Segment Open
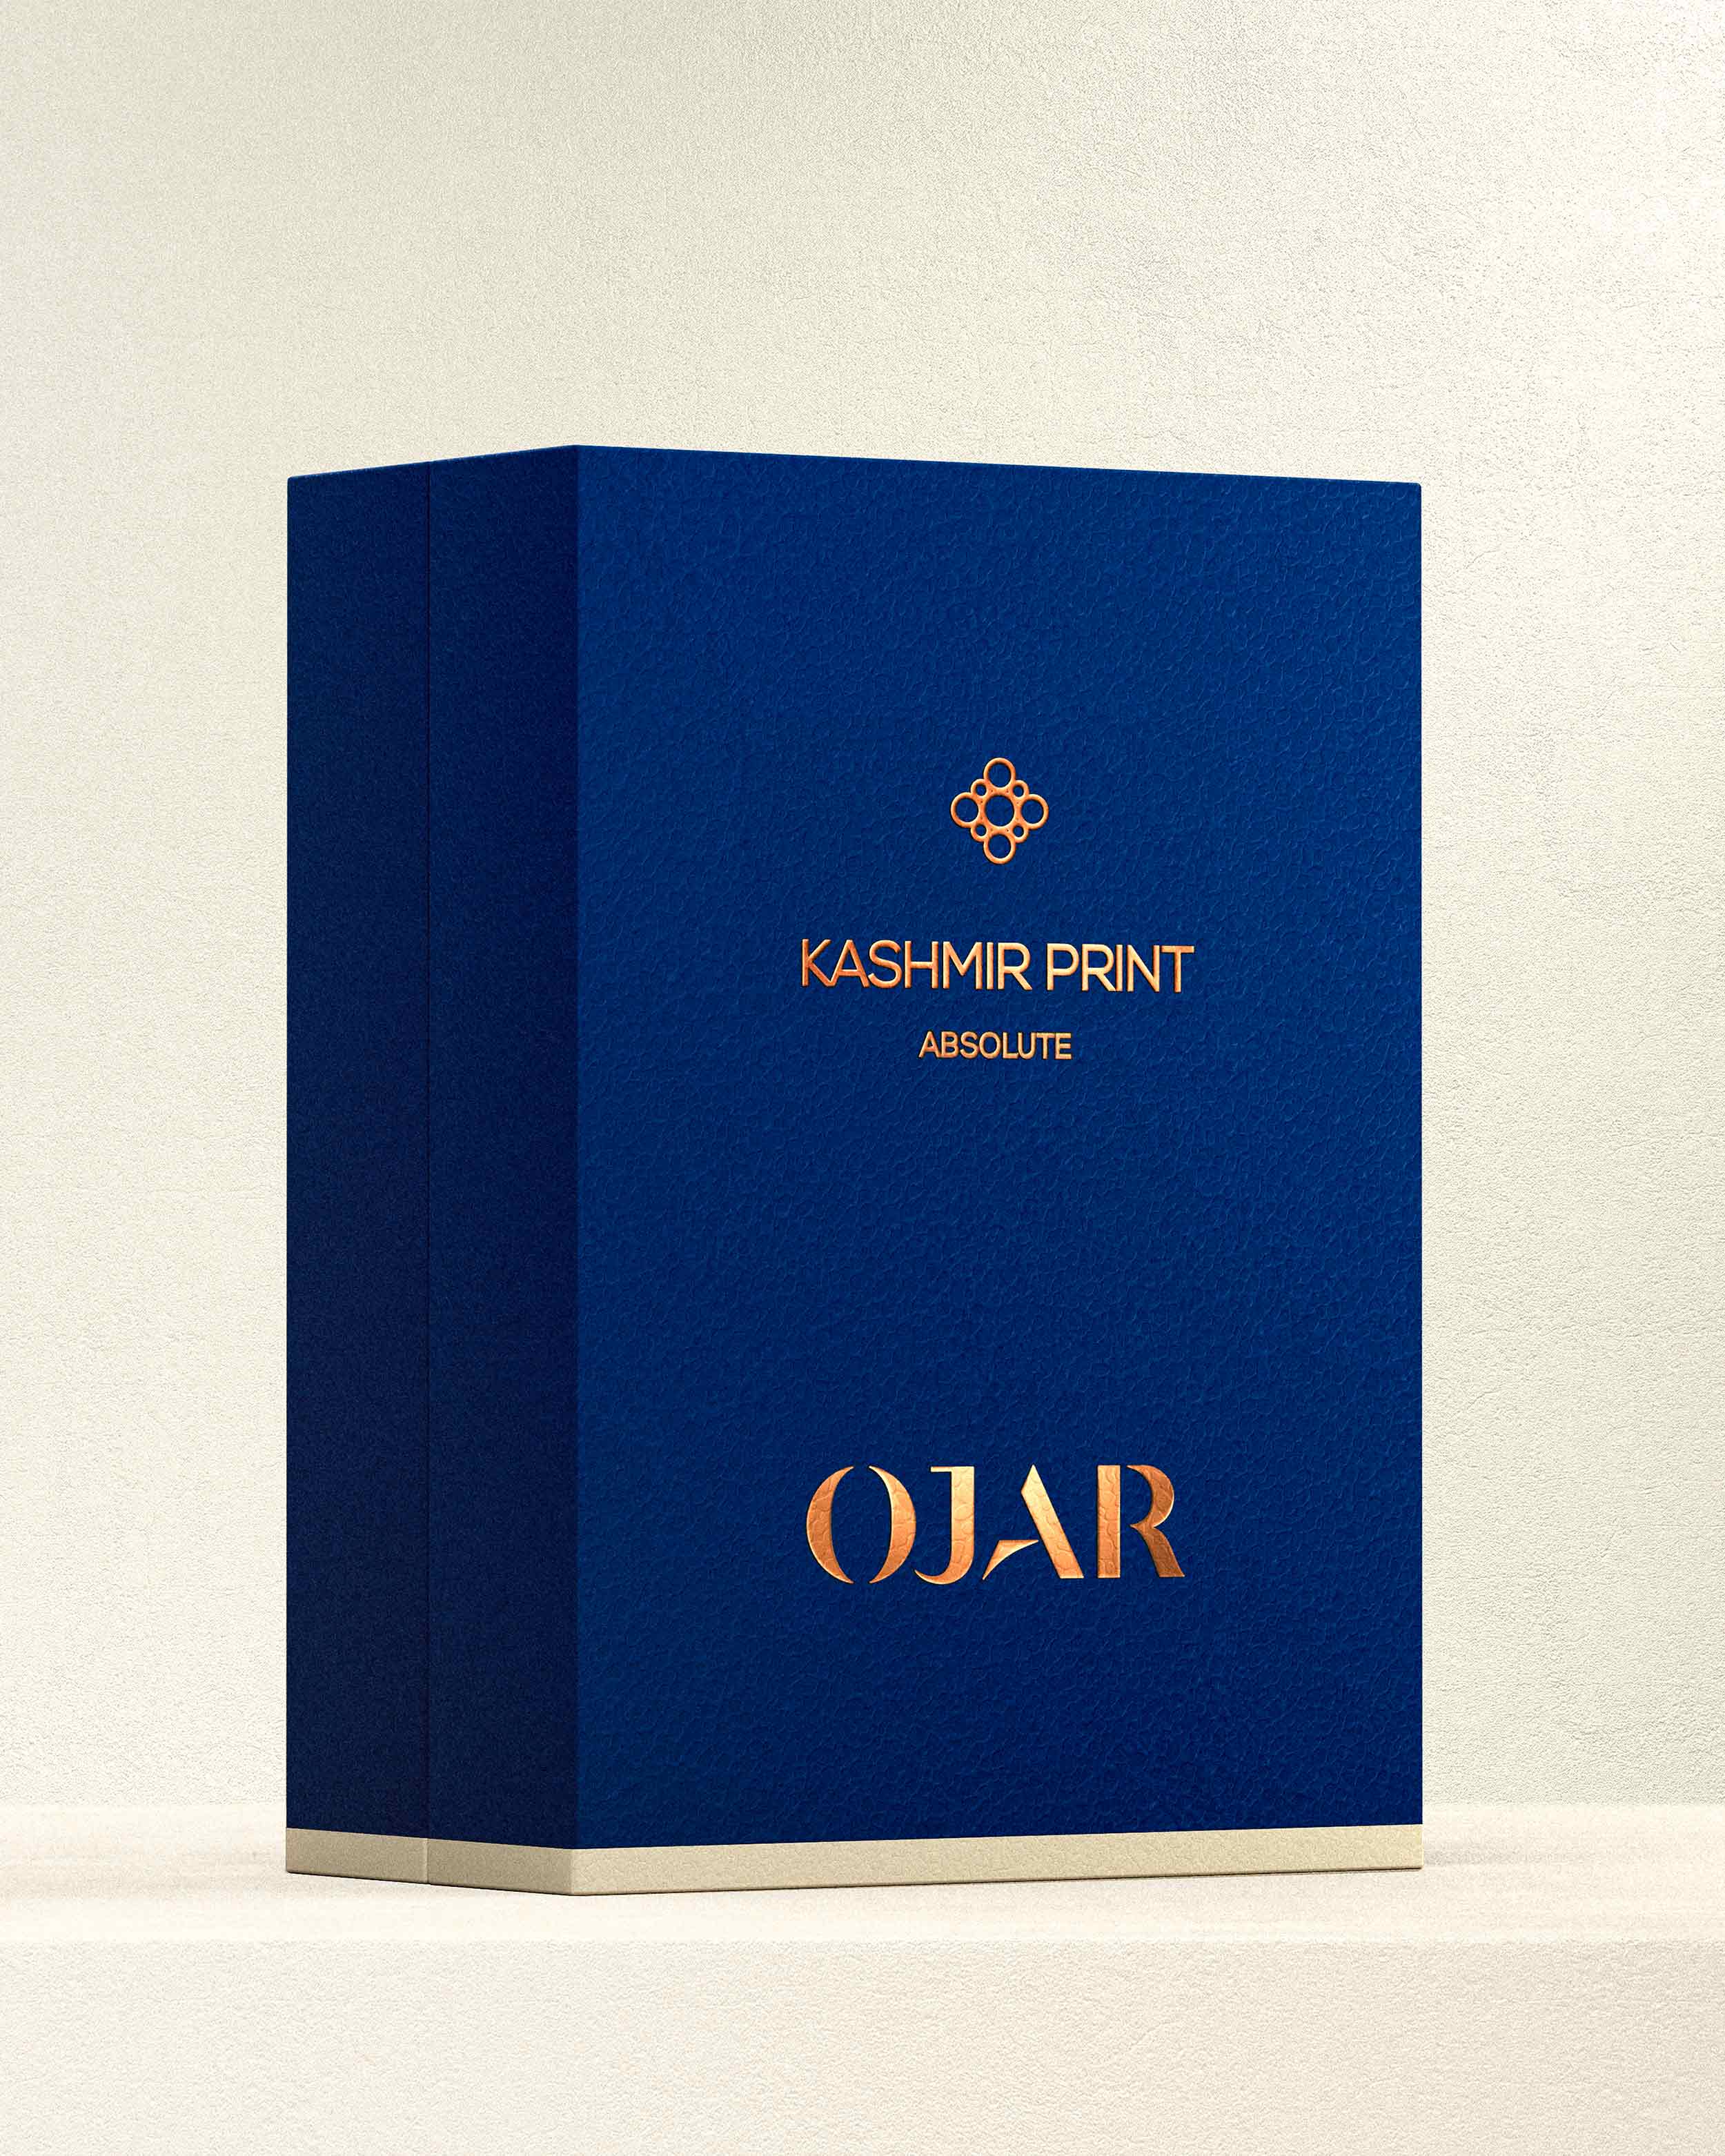 OJAR Absolute Kashmir Print Perfume Pack
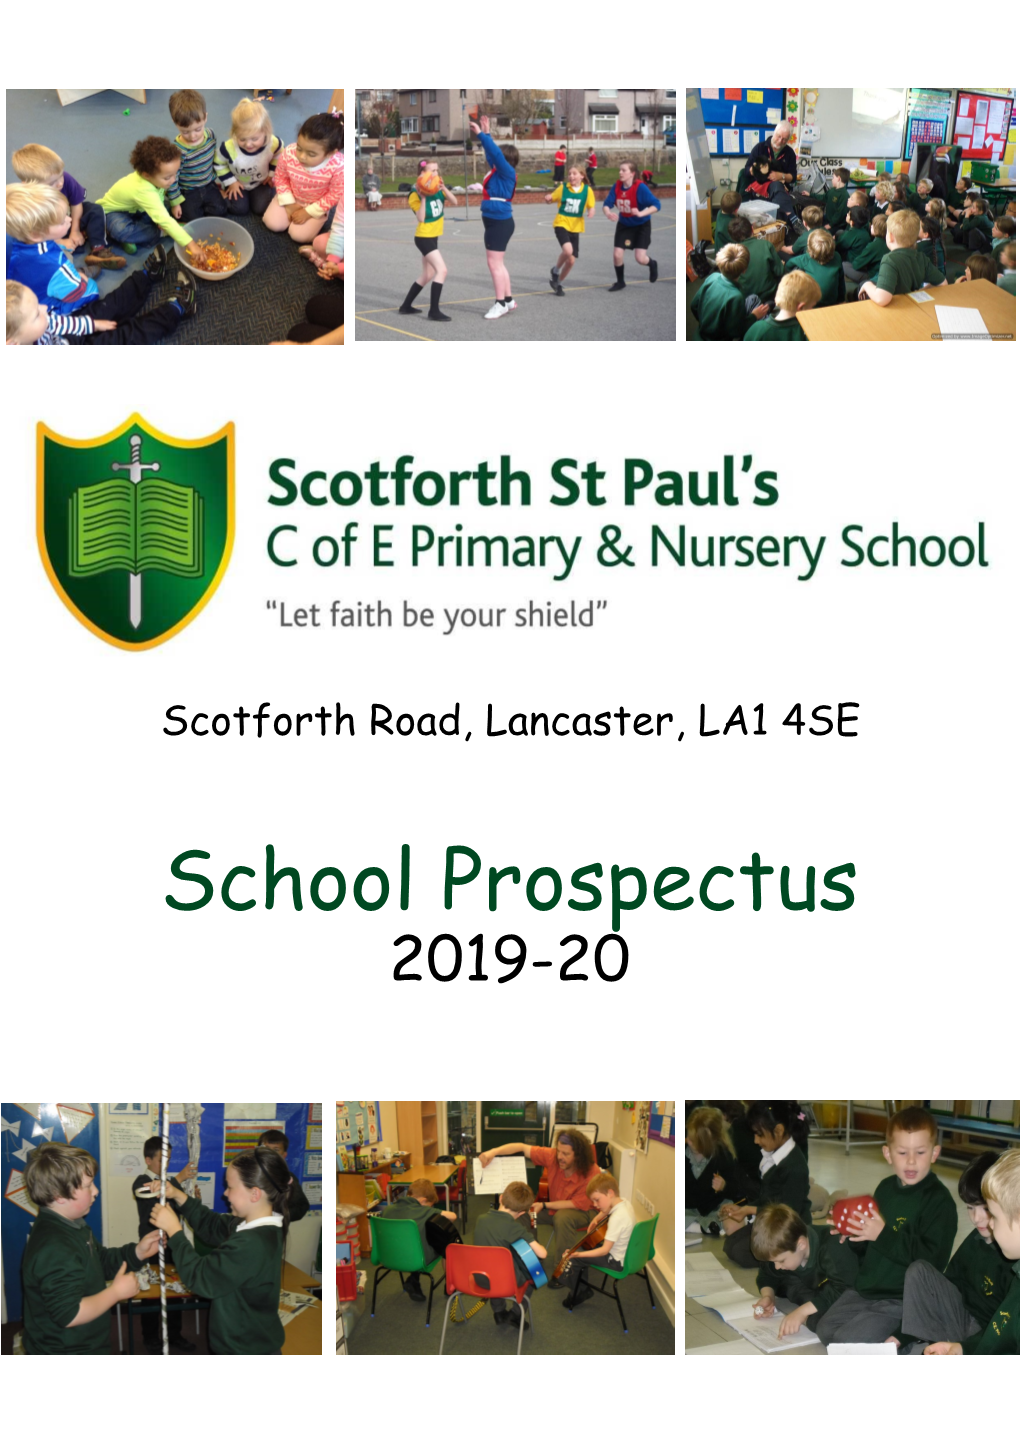 School Prospectus 2019-20
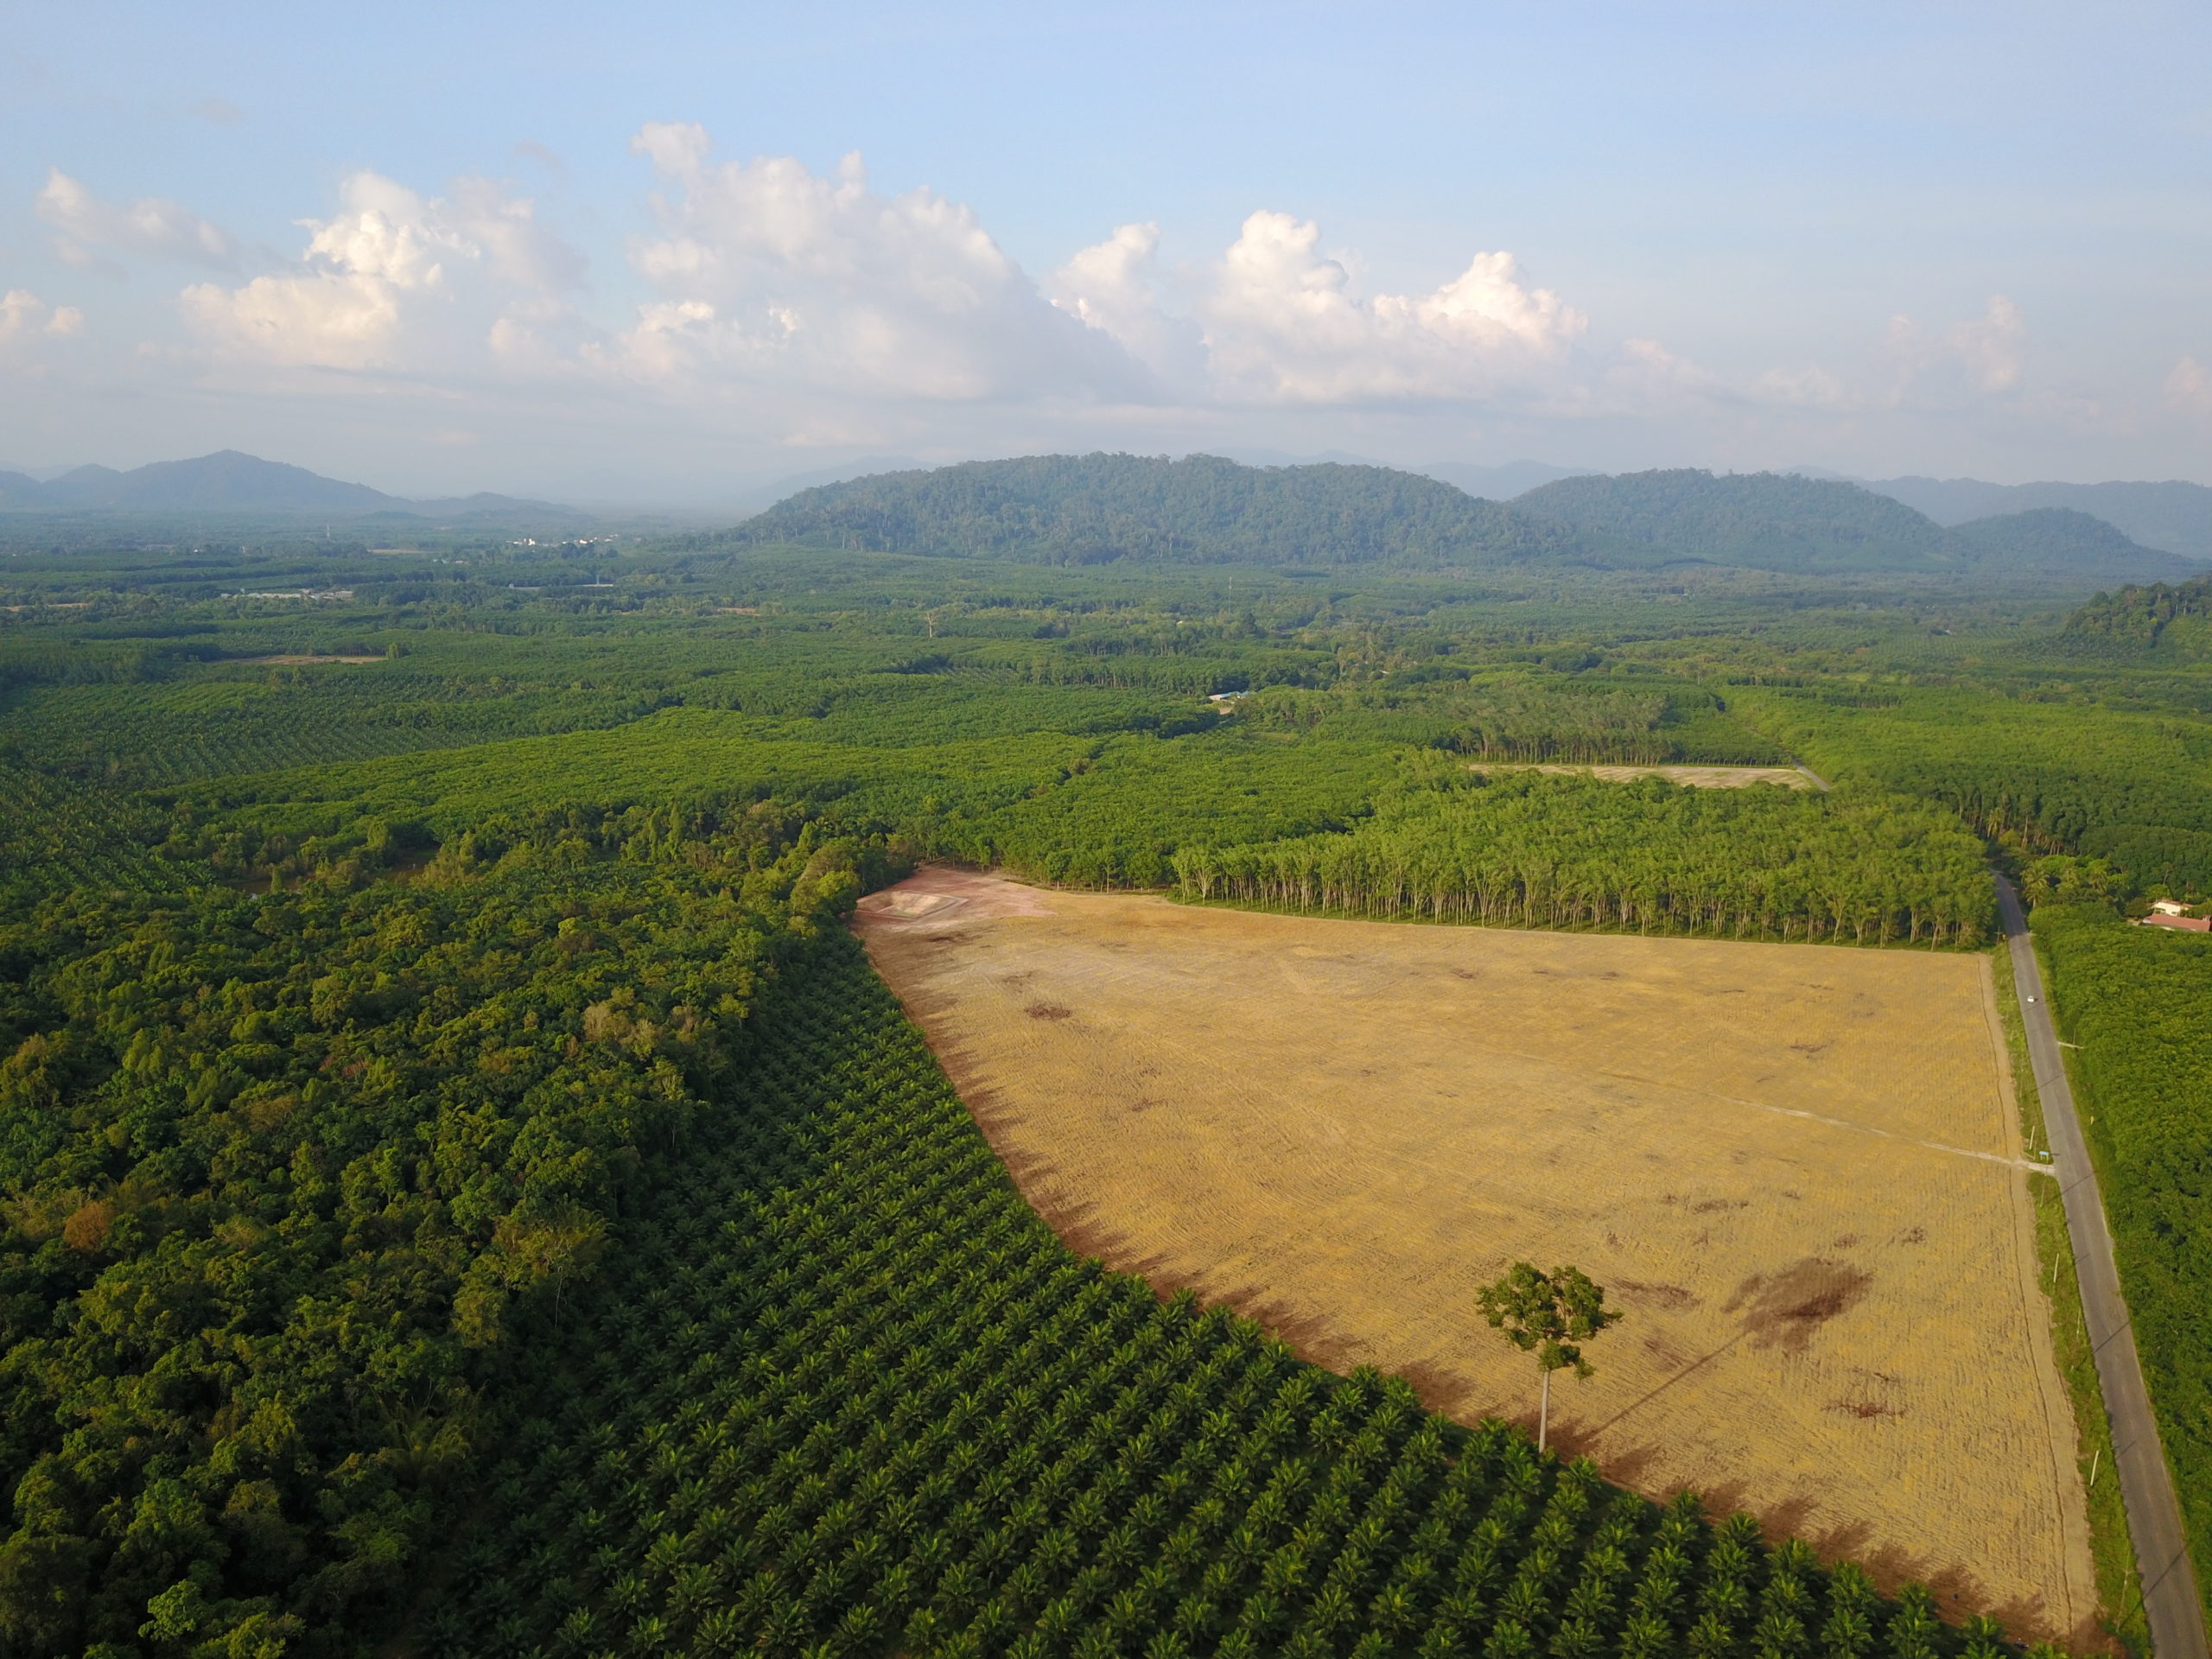 The production landscape of South Sumatra
Segment Closed
■ Exercise brief:
The expected output is the complete listing, word for word, without any picture.

■ Reply:
 OJAR Absolute Kashmir Print Perfume Pack
 School Prospectus 2019-20
 The production landscape of South Sumatra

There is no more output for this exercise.